Using the profile pictures of over one million participants, researchers at Stanford show that a widespread facial recognition algorithm can expose people’s political orientation with stunning accuracy. Political orientation was correctly classified in 72% of liberal–conservative face pairs, remarkably better than chance (50%). Accuracy was similar across countries (the U.S., Canada, and the UK) and online platforms (Facebook and a dating website).
The researchers note that they have not created a privacy-invading tool. “Very much like in the context of our previous work on sexual orientation and Facebook Likes,” they are instead warning against existing technologies that have been used for years by companies and governments. “Do not shoot the messenger. ”
Widespread use of facial recognition technology poses dramatic risks to privacy and civil liberties. Ubiquitous CCTV cameras and giant databases of facial images, ranging from public social network profiles to national ID card registers, make it alarmingly easy to identify individuals, as well as track their location and social interactions.

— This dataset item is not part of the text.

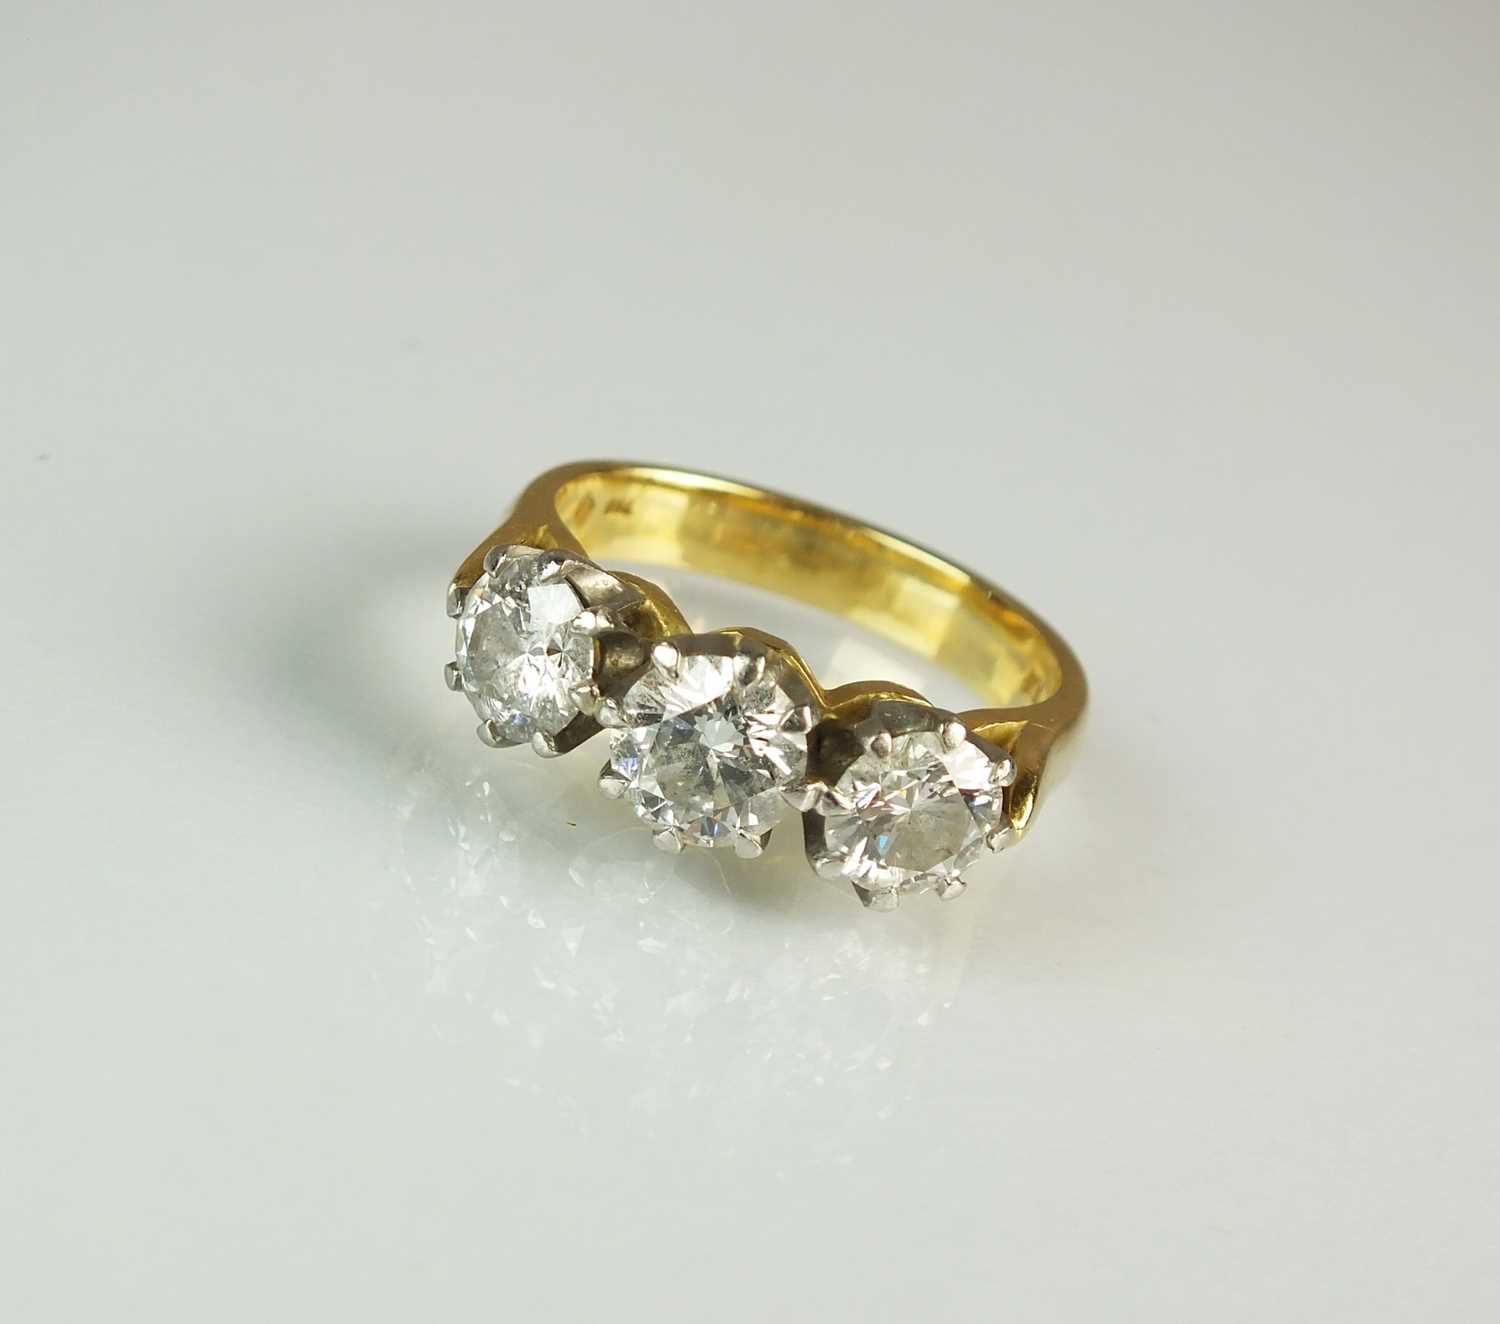 76 - A three stone diamond ring

Pervasive surveillance is not the only risk brought about by facial recognition. Apart from identifying individuals, facial recognition algorithms can identify their traits. Like humans, facial recognition algorithms can accurately infer gender, age, ethnicity, or emotions. Unfortunately, the list of personal attributes that can be inferred from the face extends well beyond those few obvious examples. Past work has shown that widely used facial recognition technologies can expose people’s sexual orientation and personality. This work shows that it can also expose political orientation.
While many other digital footprints are revealing of political orientation and other intimate traits, facial recognition can be used without subjects’ consent or knowledge. Facial images can be easily (and covertly) taken by law enforcement or obtained from digital or traditional archives, including social networks, dating platforms, photo-sharing websites, and government databases. They are often easily accessible; Facebook and LinkedIn profile pictures, for instance, can be accessed by anyone without a person’s consent or knowledge. Thus, the privacy threats posed by facial recognition technology are, in many ways, unprecedented.
Some may doubt whether the accuracies reported here are high enough to cause concern. Yet, our estimates unlikely constitute an upper limit of what is possible. Progress in computer vision and AI is unlikely to slow down anytime soon. Moreover, even modestly accurate predictions can have tremendous impact when applied to large populations in high-stakes contexts, such as elections. For example, even a crude estimate of an audience’s psychological traits can drastically boost the efficiency of propaganda and mass persuasion. “We hope that scholars, policymakers, engineers, and citizens will take notice,” the researchers declare.